Sunrise Senior Living is an American operator of senior living communities. As of 2026, it operates more than 240 independent living, assisted living, memory care communities throughout the United States and Canada making it the seventh-largest senior living provider in the U.S. Sunrise has communities in 28 states, including states such as California, Colorado, Georgia, Illinois, Maryland, Michigan, New Jersey, New York, North Carolina, Pennsylvania, and Virginia.

==Overview==
Headquartered in McLean, Virginia, in the Washington, DC metropolitan area. Sunrise offers senior living services, including independent living, assisted living, care for individuals with Alzheimer's disease and other forms of memory loss, as well as respite care and short-term stays.

== History ==
The first Sunrise community was opened in 1981 in Oakton, Virginia, by founders Paul and Terry Klaassen. In April 2021, Jack R. Callison, Jr. was named Sunrise’s chief executive officer (CEO).

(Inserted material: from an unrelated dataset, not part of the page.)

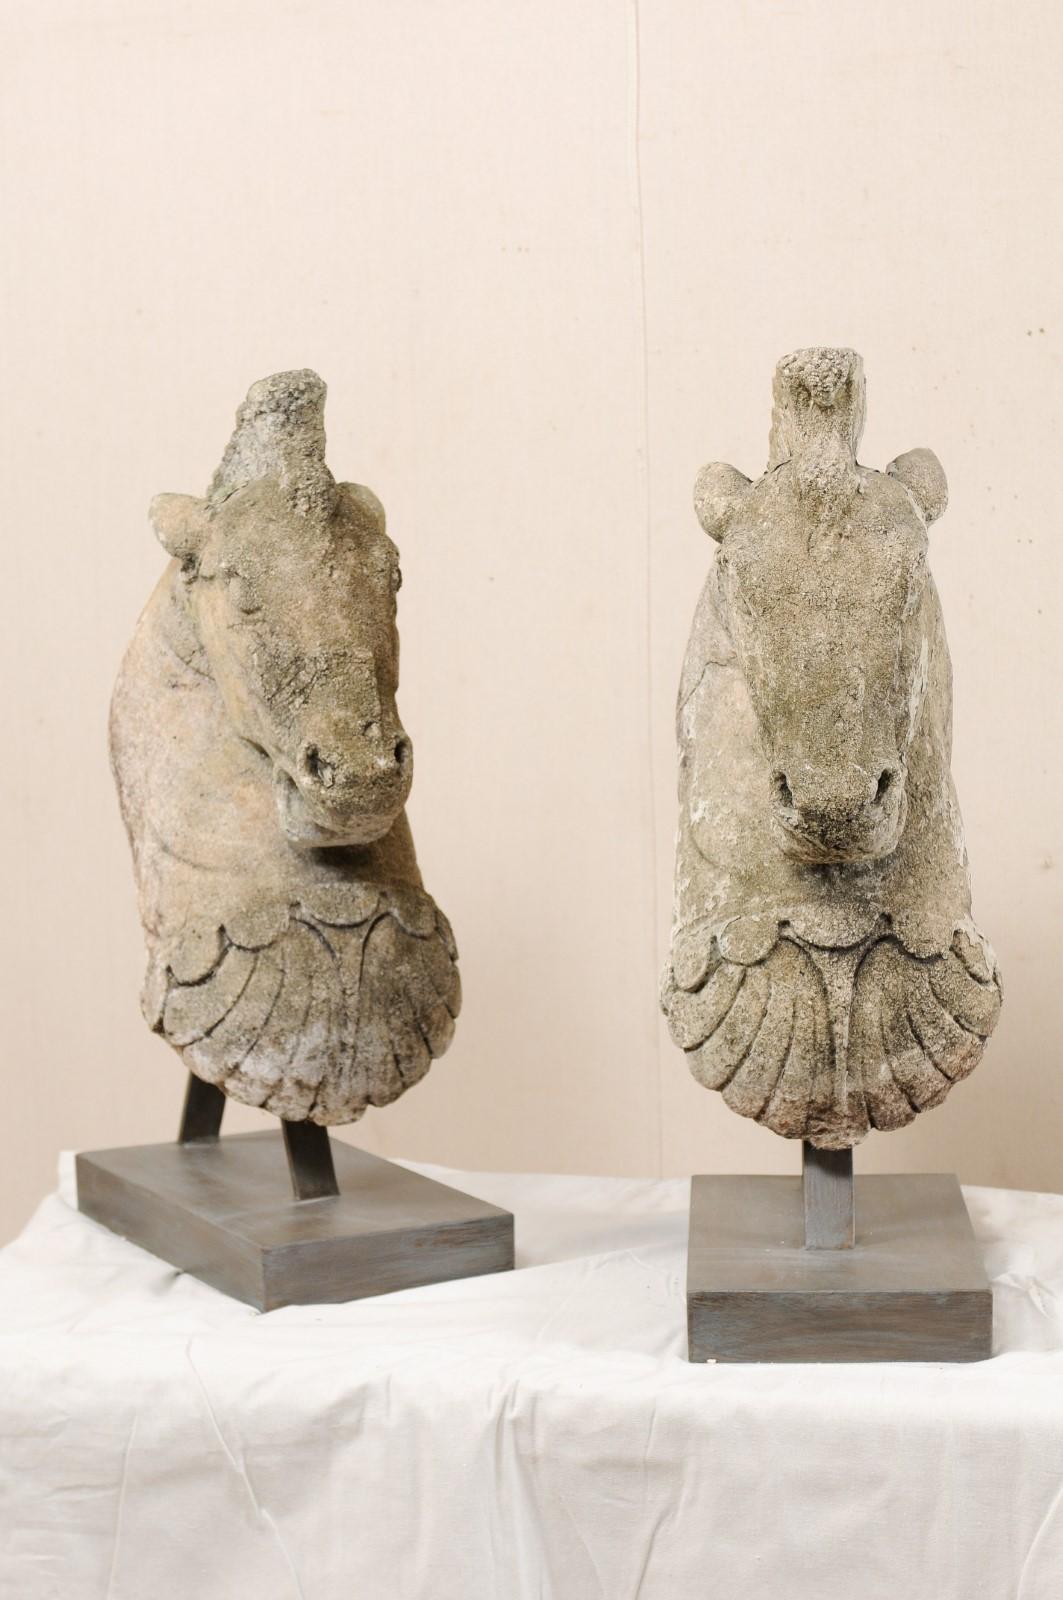 A pair of 19th century European sculptural horse heads of cast stone, mounted on custom stands. These fabulous art pieces, standing just shy of 3 feet in height, have been custom fashioned from a pair of 19th century cast-stone horse heads, which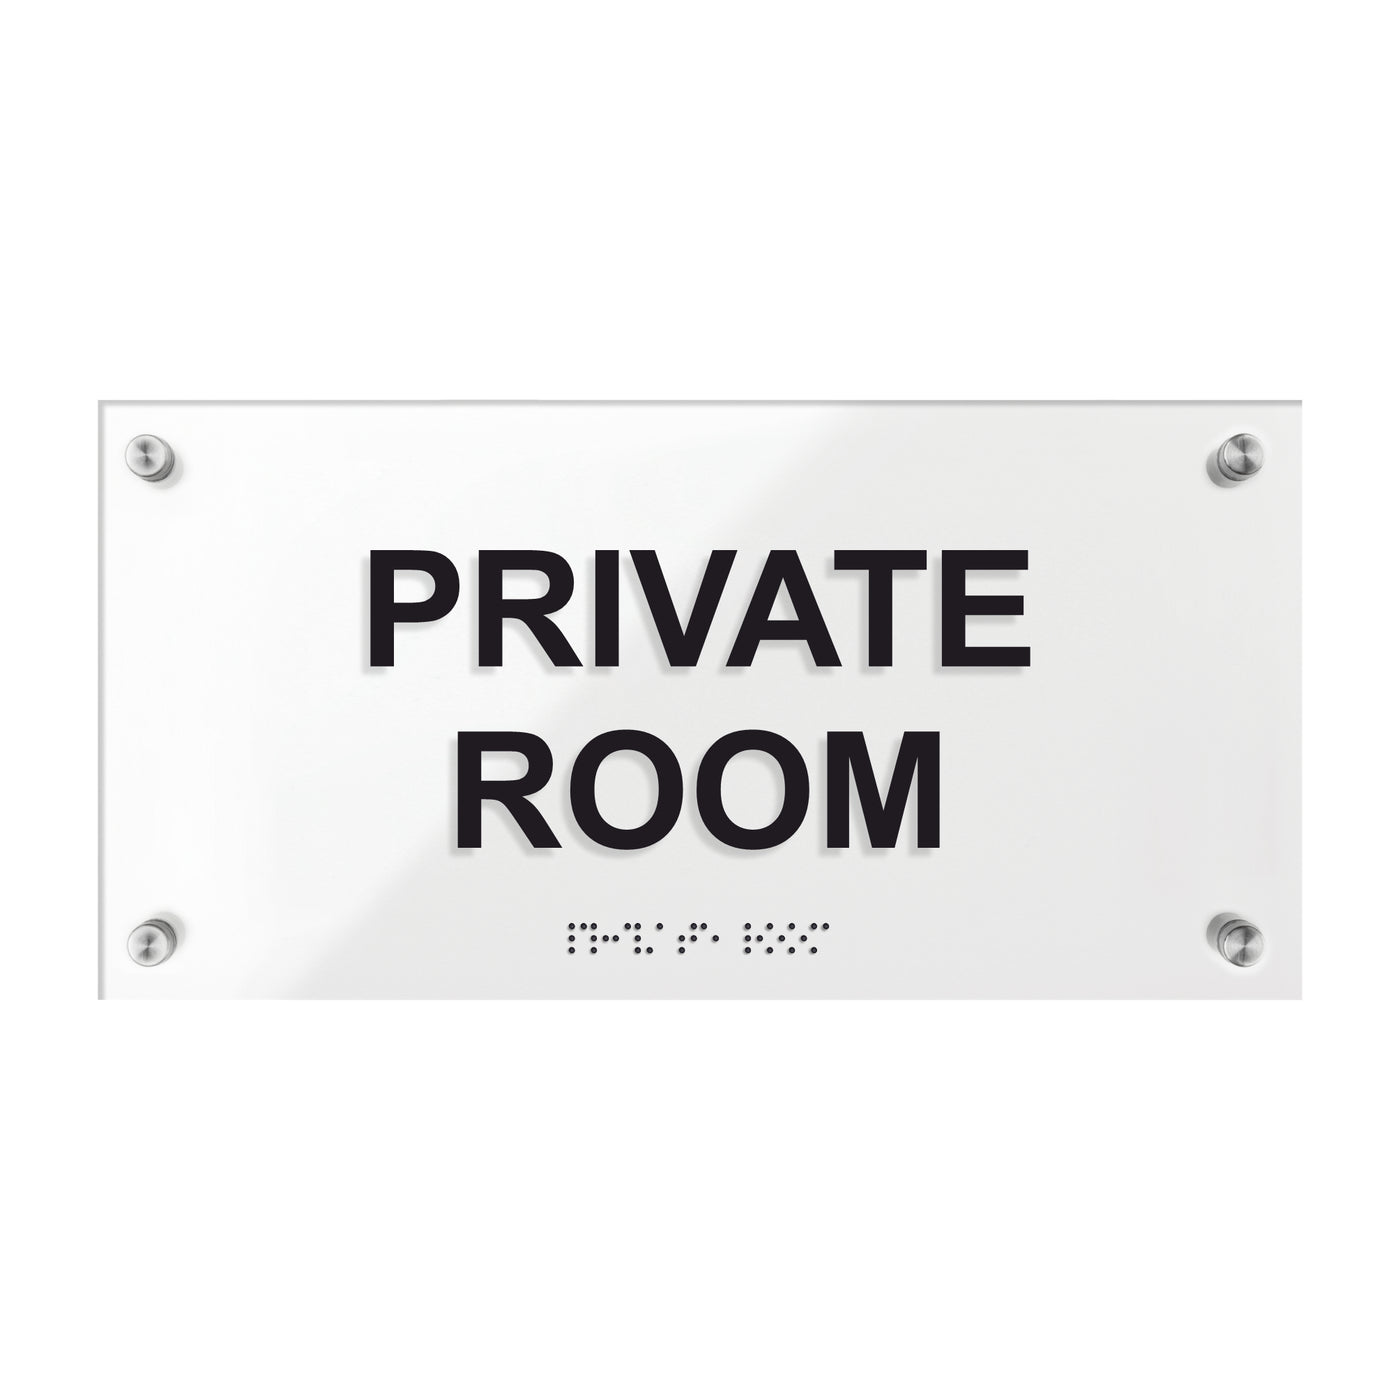 Private Room Signs - Acrylic Door Plate "Classic" Design

Sunrise Senior Living and its communities have received recognition from national organizations and publications within the senior living industry. Beginning in 2022, Sunrise communities have been recognized in U.S. News & World Report’s Best Senior Living ratings.

Sunrise has also been recognized as a workplace within the aging services sector. The company has been named to Fortune’s Best Workplaces in Aging Services, which evaluates organizations based on employee feedback and workplace culture.

In December 2021, Sunrise Senior Living opened Sunrise at East 56th, a 151-unit community in New York City. The building earned LEED Silver for sustainability and leadership, WELL Certification (silver) for quality building air, water, light, nourishment, fitness, comfort, and mind and WELL Health-Safety Rating Seal for cleaning practices and air and water quality. Sunrise at East 56th is the only building in the senior living industry to have all three certifications.

Opened in 2023, The Apsley on Manhattan’s Upper West Side has achieved WELL Certification Platinum, the highest level of recognition, as well as the LEED Gold certification.

==United Kingdom==
In 2021, the company announced that following a comprehensive strategic review, the company would exit as manager of its UK portfolio.